Detect Clinical Relations

Description

Relation Extraction model based on syntactic features using deep learning. Models the set of clinical relations defined in the 2010 i2b2 relation challenge.

Included Relations

TrIP: A certain treatment has improved or cured a medical problem (eg, ‘infection resolved with antibiotic course’) TrWP: A patient’s medical problem has deteriorated or worsened because of or in spite of a treatment being administered (eg, ‘the tumor was growing despite the drain’) TrCP: A treatment caused a medical problem (eg, ‘penicillin causes a rash’) TrAP: A treatment administered for a medical problem (eg, ‘Dexamphetamine for narcolepsy’) TrNAP: The administration of a treatment was avoided because of a medical problem (eg, ‘Ralafen which is contra-indicated because of ulcers’) TeRP: A test has revealed some medical problem (eg, ‘an echocardiogram revealed a pericardial effusion’) TeCP: A test was performed to investigate a medical problem (eg, ‘chest x-ray done to rule out pneumonia’) PIP: Two problems are related to each other (eg, ‘Azotemia presumed secondary to sepsis’)
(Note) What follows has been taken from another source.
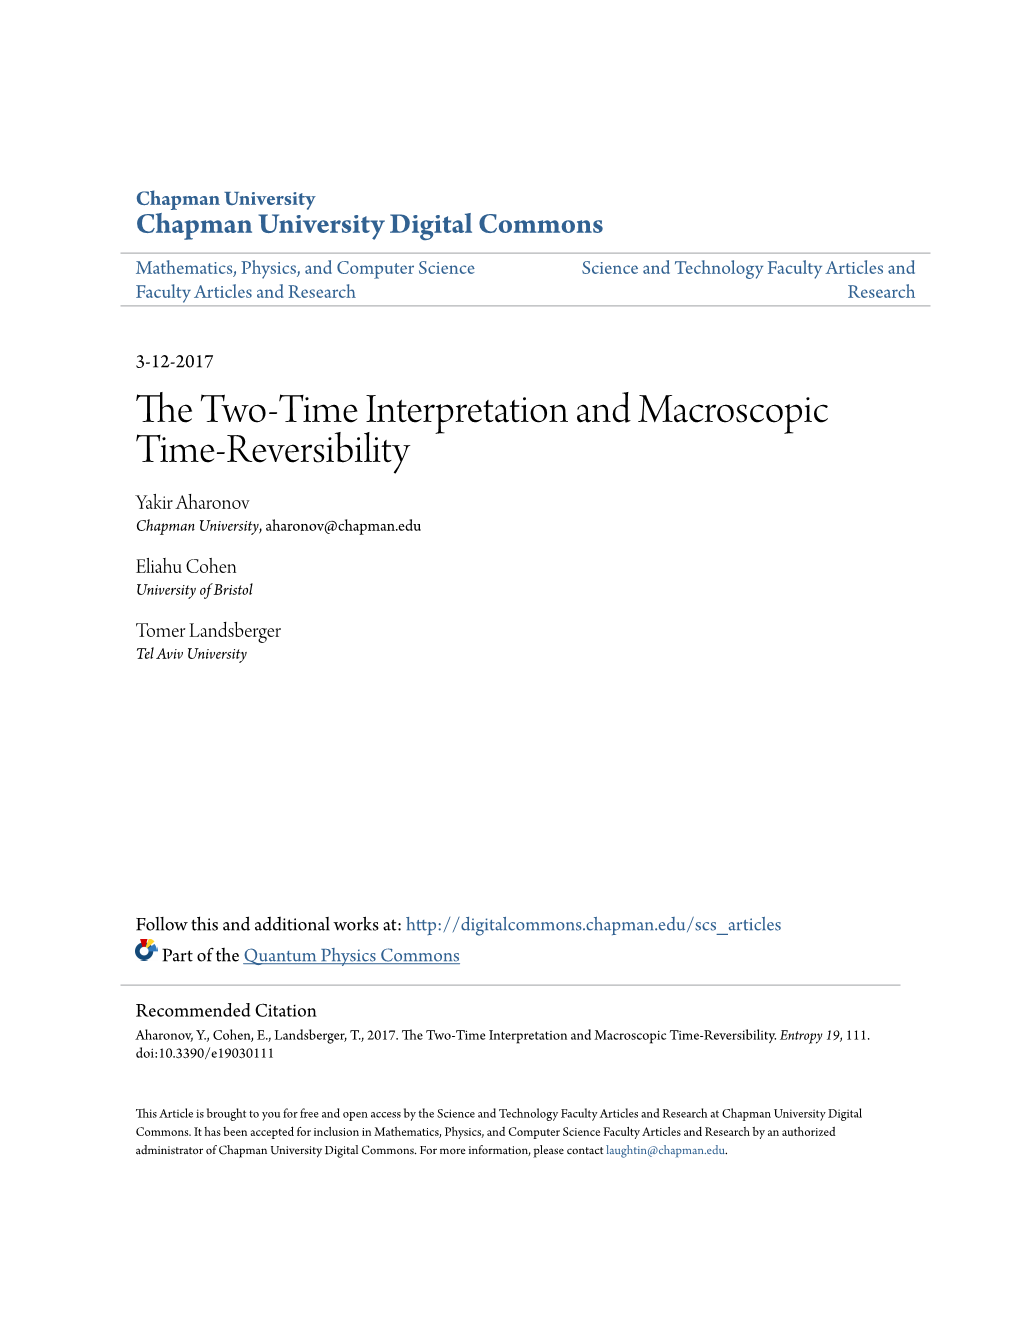 The Two-Time Interpretation and Macroscopic Time-Reversibility

Live Demo Open in Colab Download

How to use

...

reModel = RelationExtractionModel.pretrained("re_clinical","en","clinical/models")\
    .setInputCols(["word_embeddings","chunk","pos","dependency"])\
    .setOutput("relations")

pipeline = Pipeline(stages=[documenter, sentencer, tokenizer, words_embedder, pos_tagger, ner_tagger, ner_chunker, dependency_parser, reModel])
model = pipeline.fit(spark.createDataFrame([[""]]).toDF("text"))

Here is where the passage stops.